== AIM OF THE TASK ==
Write the listing out again word for word, leaving each picture behind.

[[ SUPPLIED MATERIAL open ]]

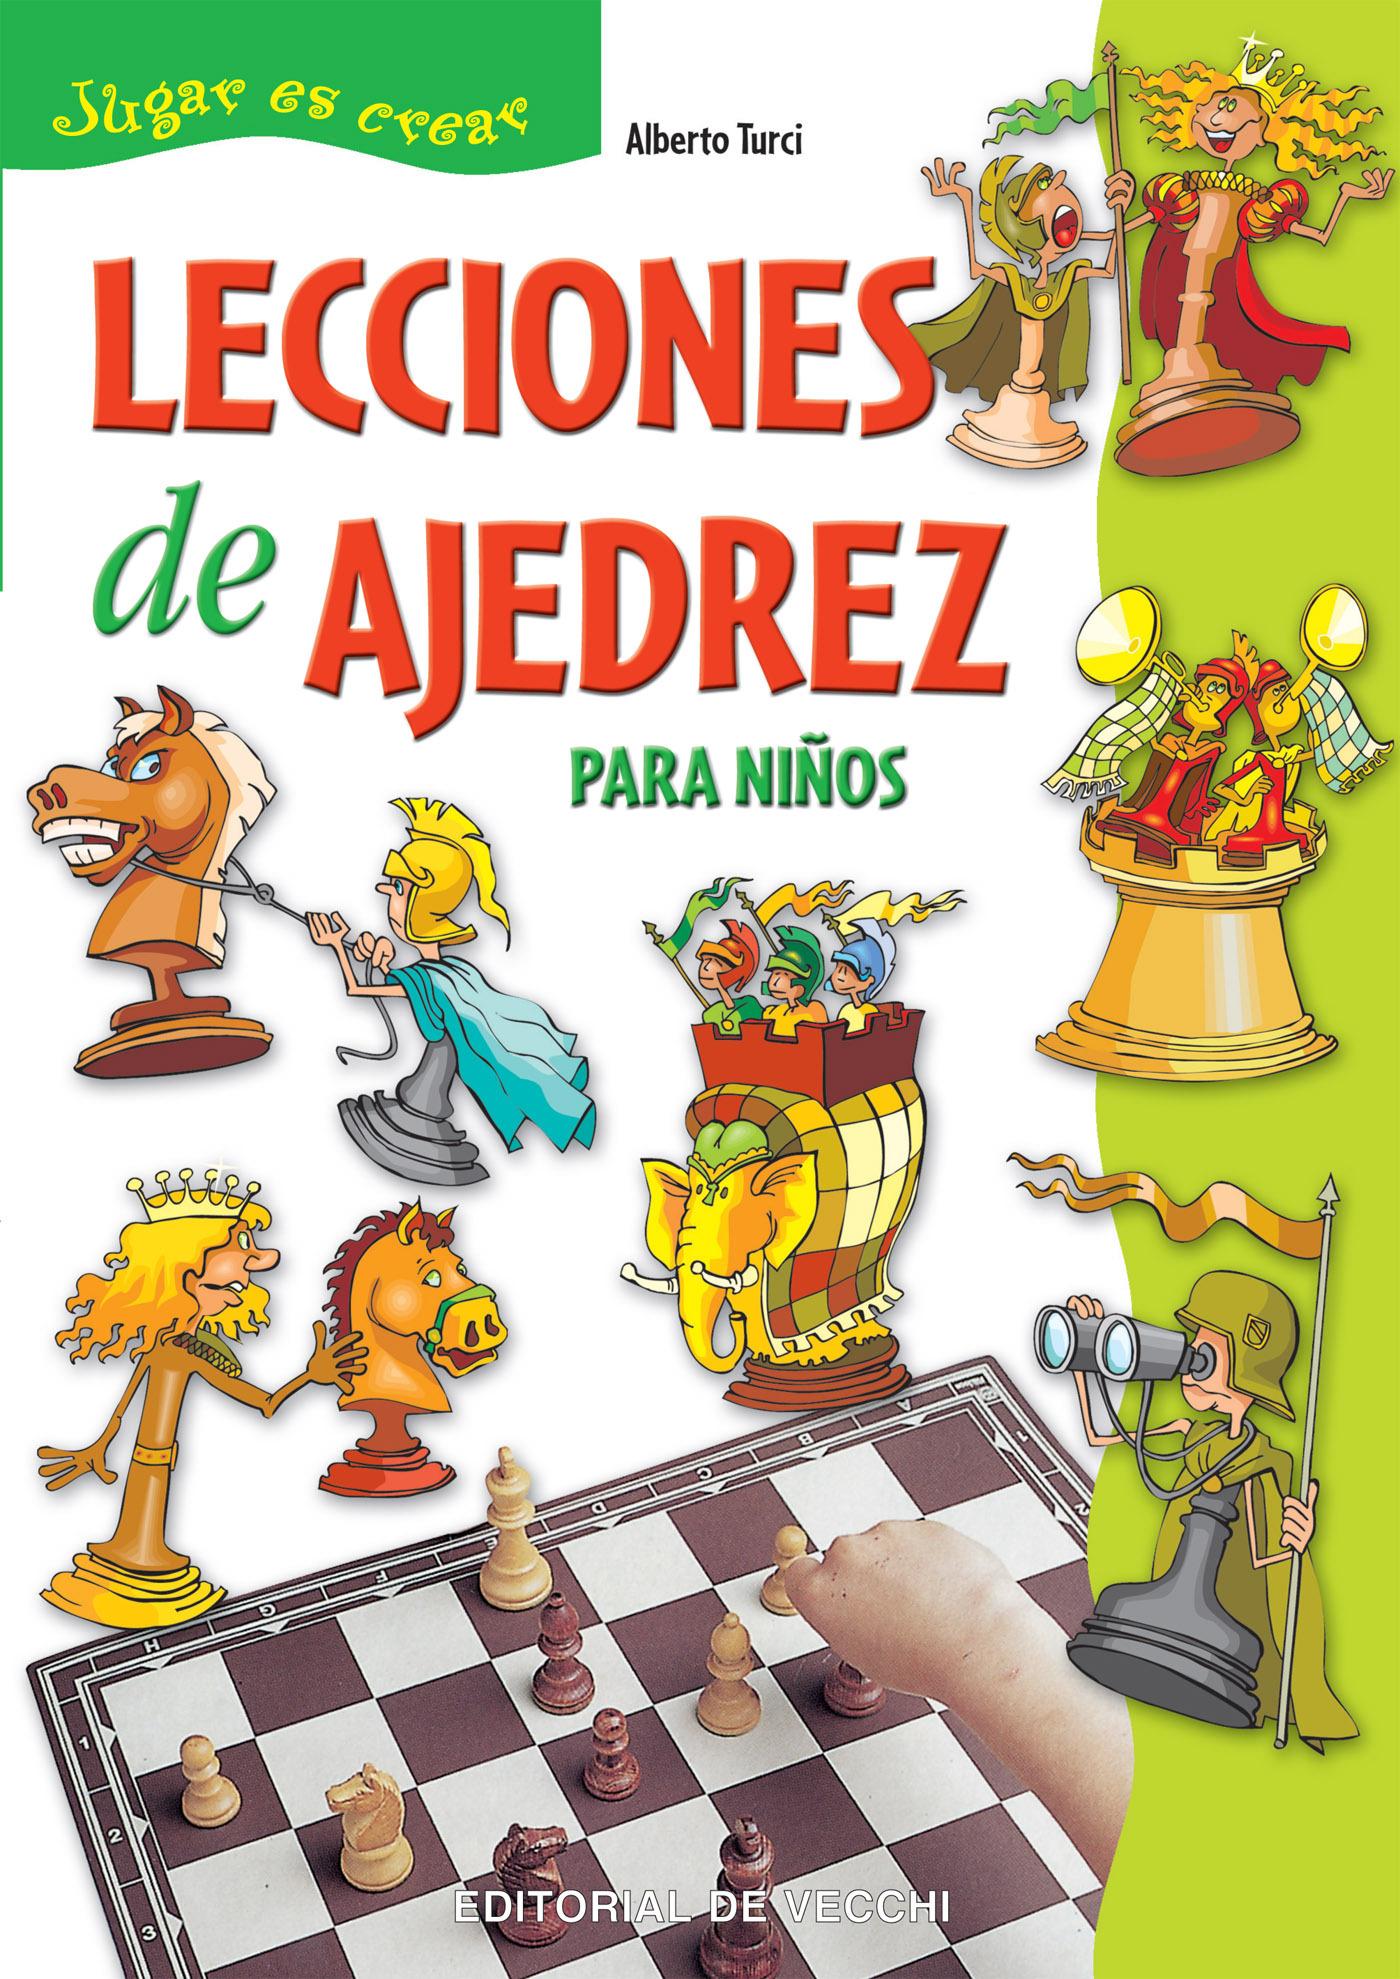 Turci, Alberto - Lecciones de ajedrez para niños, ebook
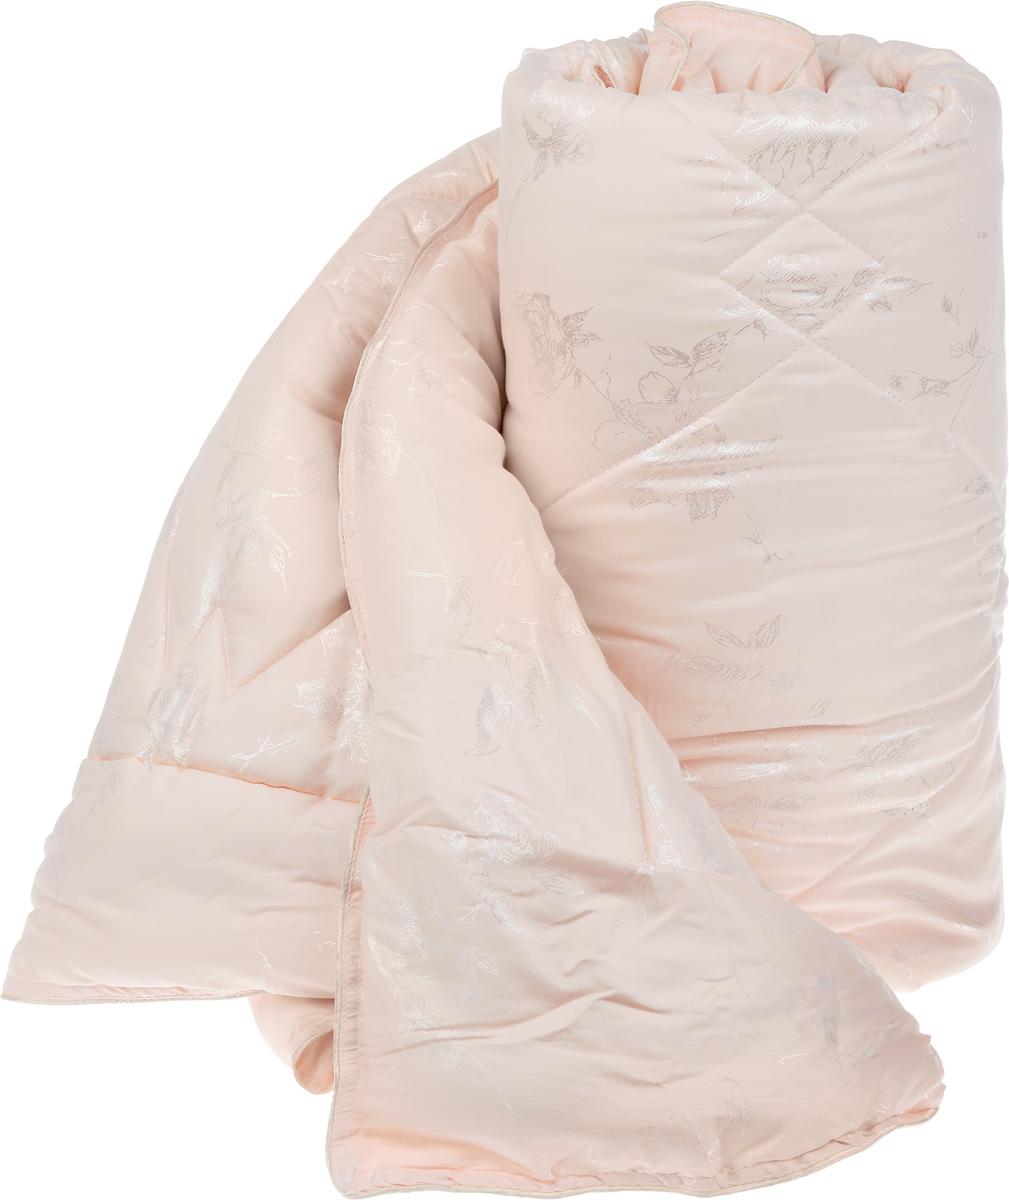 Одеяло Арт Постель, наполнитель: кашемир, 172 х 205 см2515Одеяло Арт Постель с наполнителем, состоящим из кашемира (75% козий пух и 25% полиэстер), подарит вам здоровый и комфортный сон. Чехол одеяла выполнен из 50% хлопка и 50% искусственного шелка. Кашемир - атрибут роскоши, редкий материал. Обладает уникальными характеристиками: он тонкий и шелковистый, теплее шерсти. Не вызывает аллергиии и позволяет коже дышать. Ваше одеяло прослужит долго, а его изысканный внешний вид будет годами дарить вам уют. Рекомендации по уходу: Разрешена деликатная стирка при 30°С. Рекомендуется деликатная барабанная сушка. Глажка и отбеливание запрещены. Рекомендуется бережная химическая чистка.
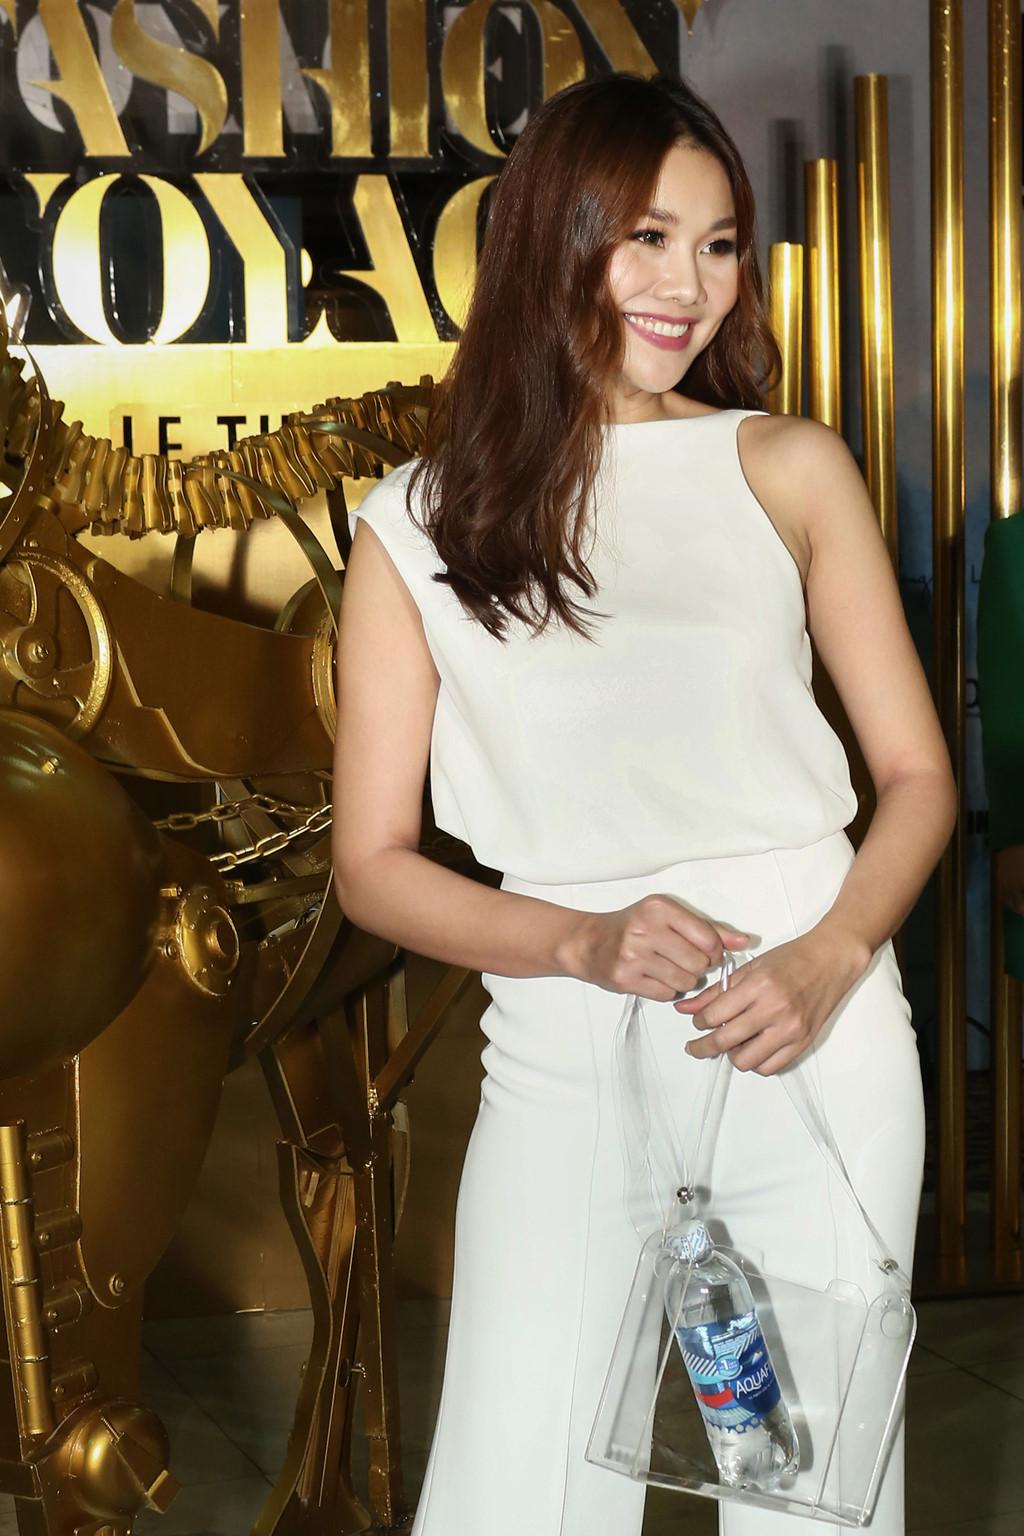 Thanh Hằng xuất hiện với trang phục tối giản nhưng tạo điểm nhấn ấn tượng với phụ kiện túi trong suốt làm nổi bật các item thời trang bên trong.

[[ SUPPLIED MATERIAL closed ]]

== SOLUTION BELOW ==
 Turci, Alberto - Lecciones de ajedrez para niños, ebook
 Одеяло Арт Постель, наполнитель: кашемир, 172 х 205 см2515Одеяло Арт Постель с наполнителем, состоящим из кашемира (75% козий пух и 25% полиэстер), подарит вам здоровый и комфортный сон. Чехол одеяла выполнен из 50% хлопка и 50% искусственного шелка. Кашемир - атрибут роскоши, редкий материал. Обладает уникальными характеристиками: он тонкий и шелковистый, теплее шерсти. Не вызывает аллергиии и позволяет коже дышать. Ваше одеяло прослужит долго, а его изысканный внешний вид будет годами дарить вам уют. Рекомендации по уходу: Разрешена деликатная стирка при 30°С. Рекомендуется деликатная барабанная сушка. Глажка и отбеливание запрещены. Рекомендуется бережная химическая чистка.
 Thanh Hằng xuất hiện với trang phục tối giản nhưng tạo điểm nhấn ấn tượng với phụ kiện túi trong suốt làm nổi bật các item thời trang bên trong.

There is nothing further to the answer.